START Exercise material

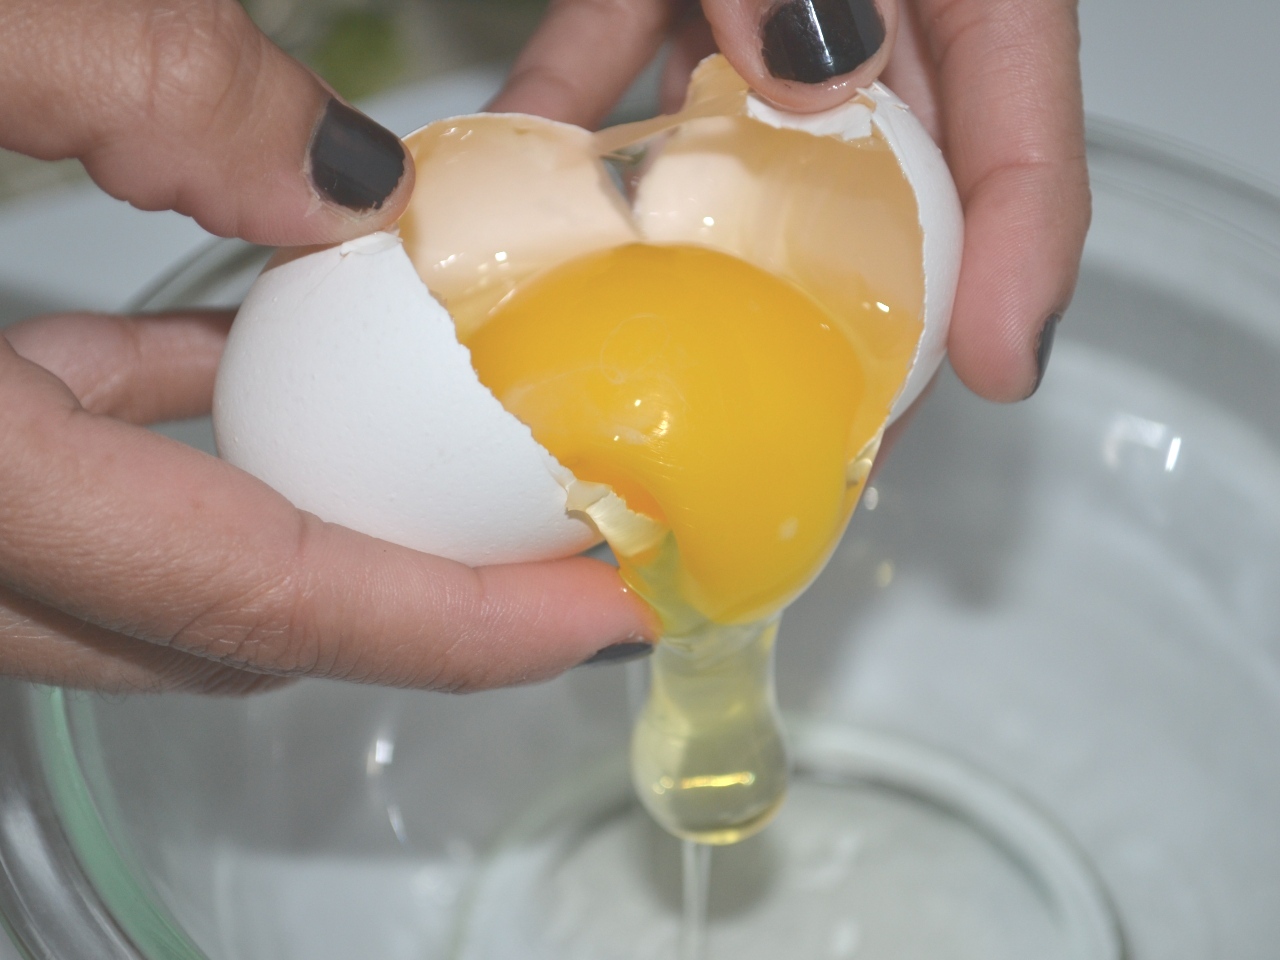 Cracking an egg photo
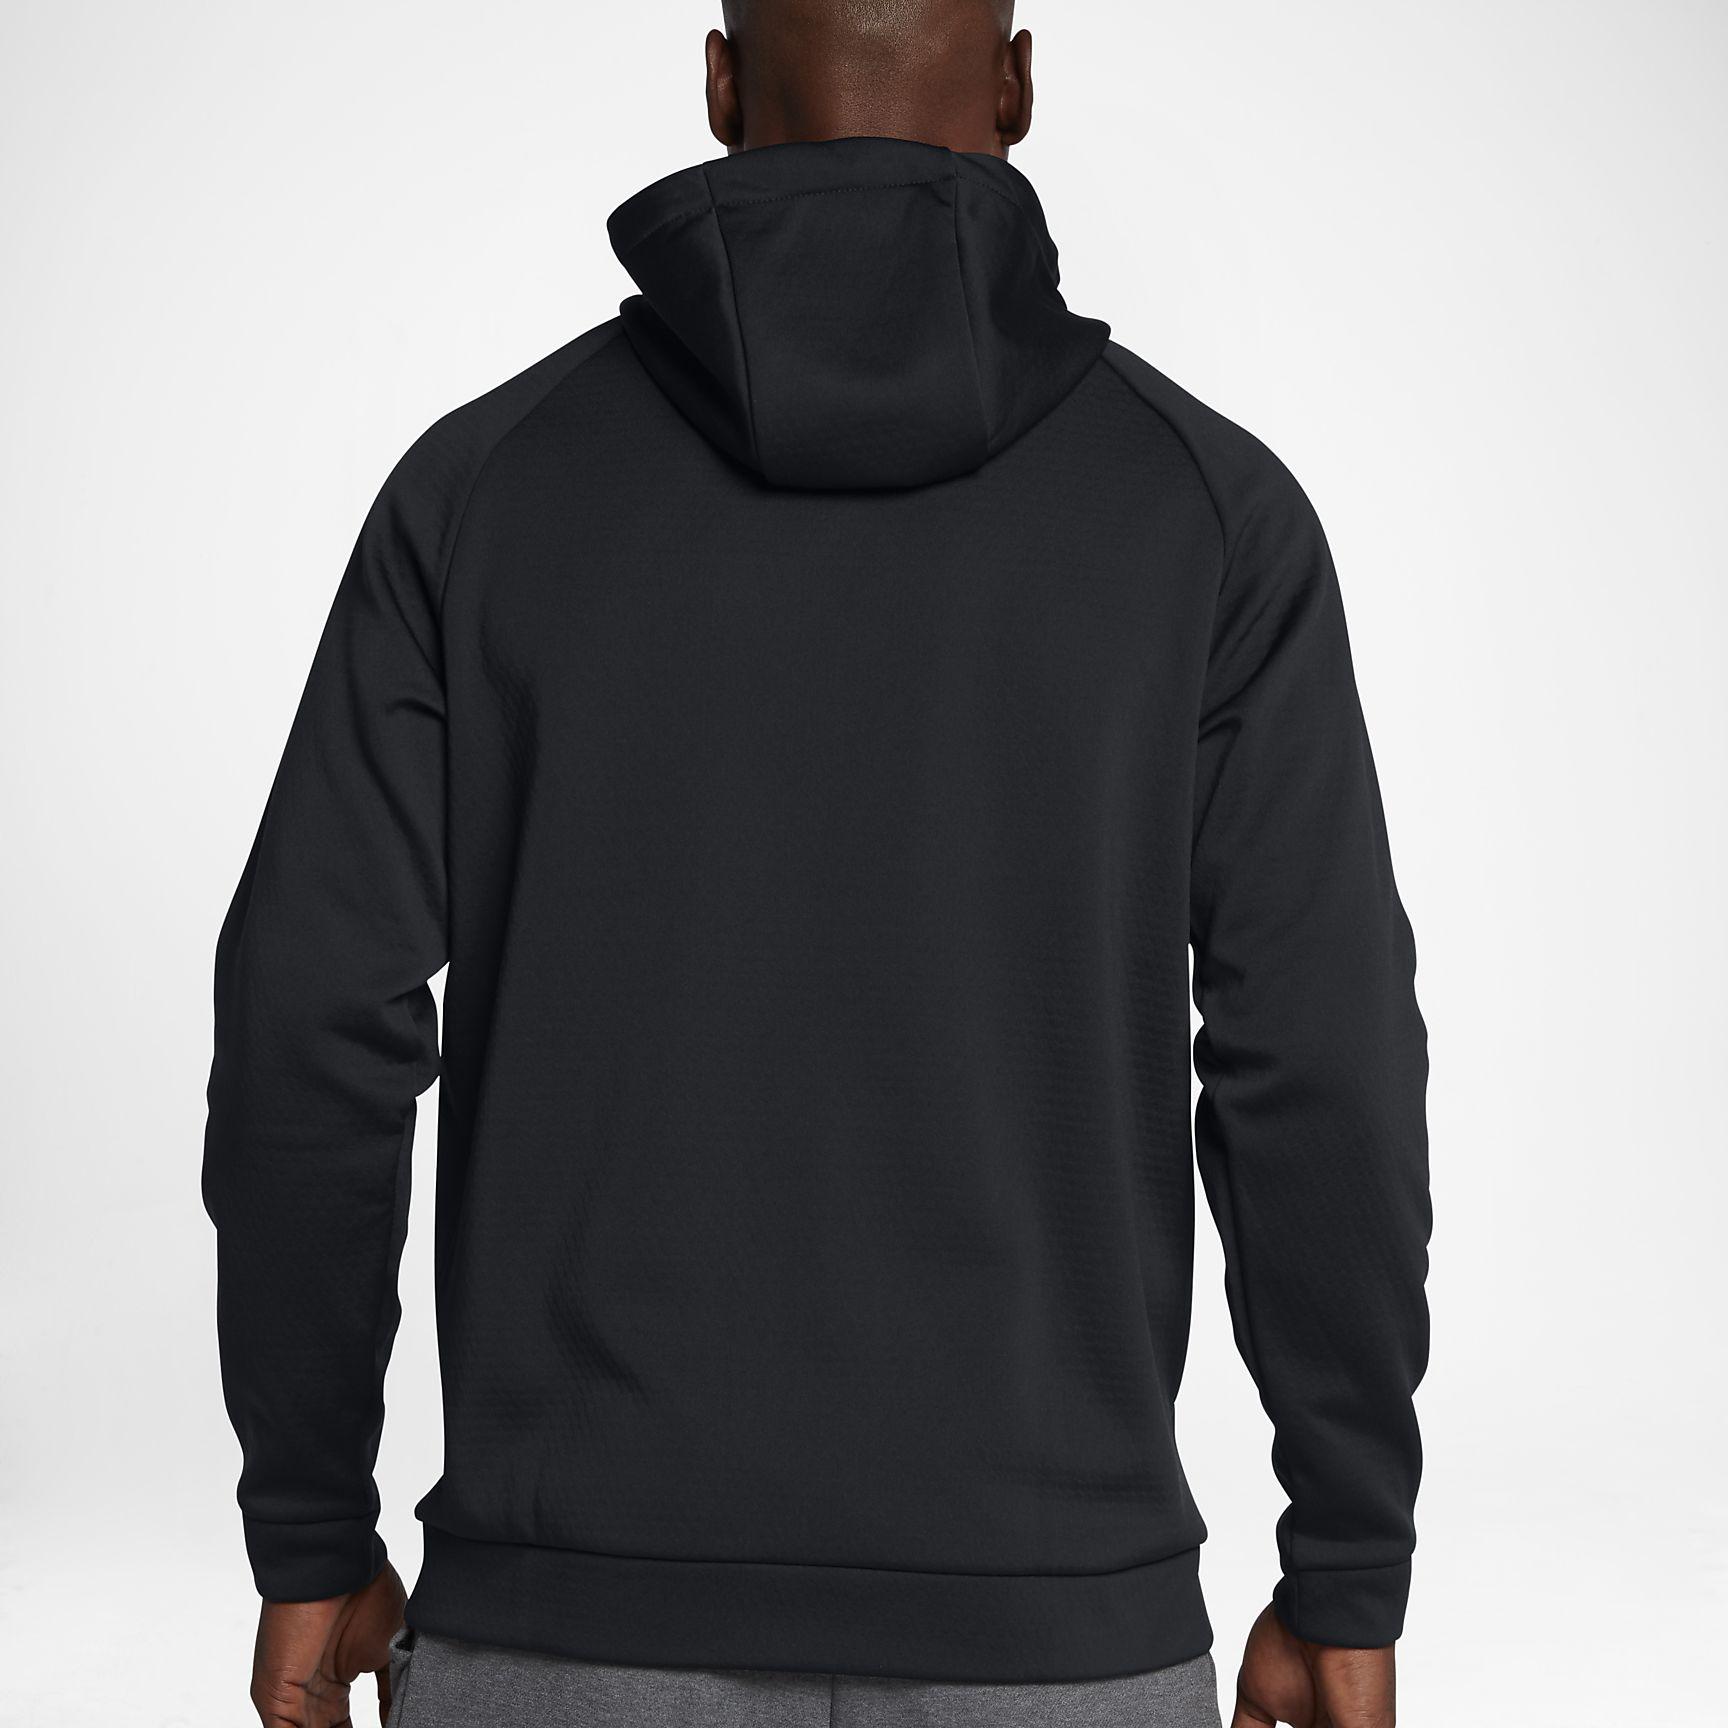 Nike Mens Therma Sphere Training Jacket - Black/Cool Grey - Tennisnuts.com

END Exercise material
START Exercise material

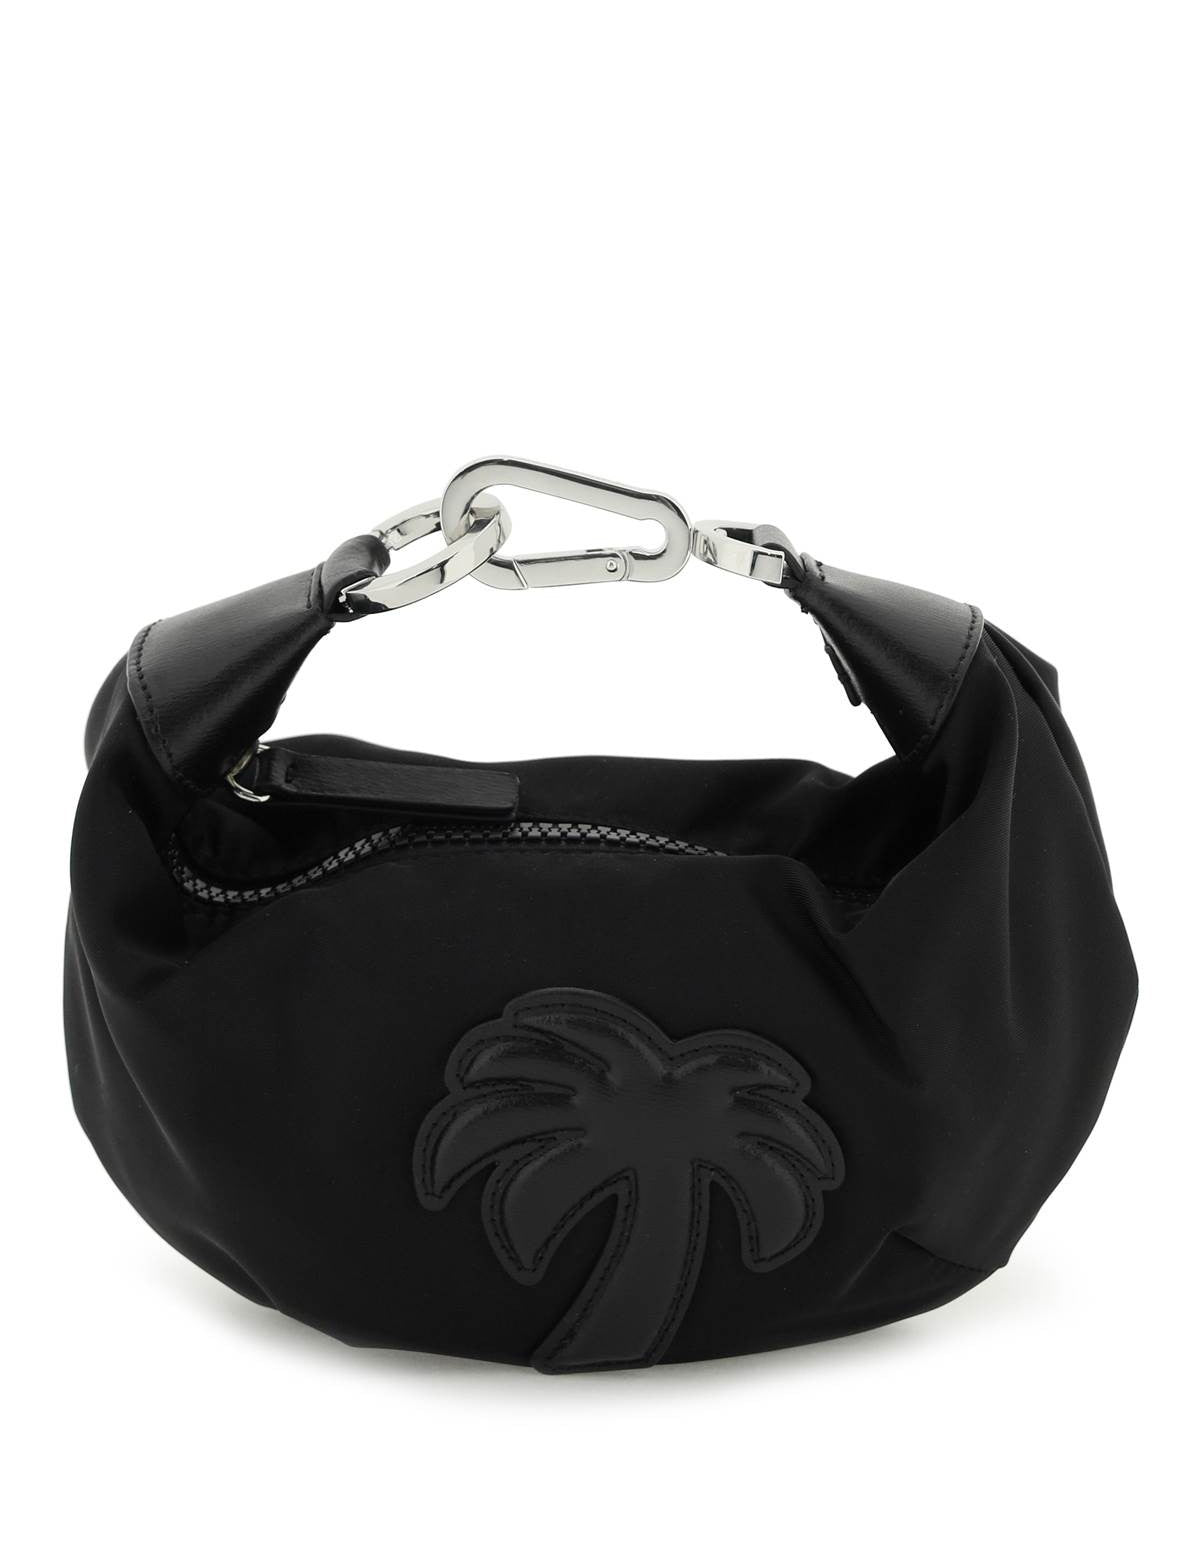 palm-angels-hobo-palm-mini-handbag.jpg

END Exercise material

Look above for the line containing "Cracking an egg photo" and the line containing "Nike Mens Therma", then reproduce both and everything between them exactly, pictures omitted.

 Cracking an egg photo
 Nike Mens Therma Sphere Training Jacket - Black/Cool Grey - Tennisnuts.com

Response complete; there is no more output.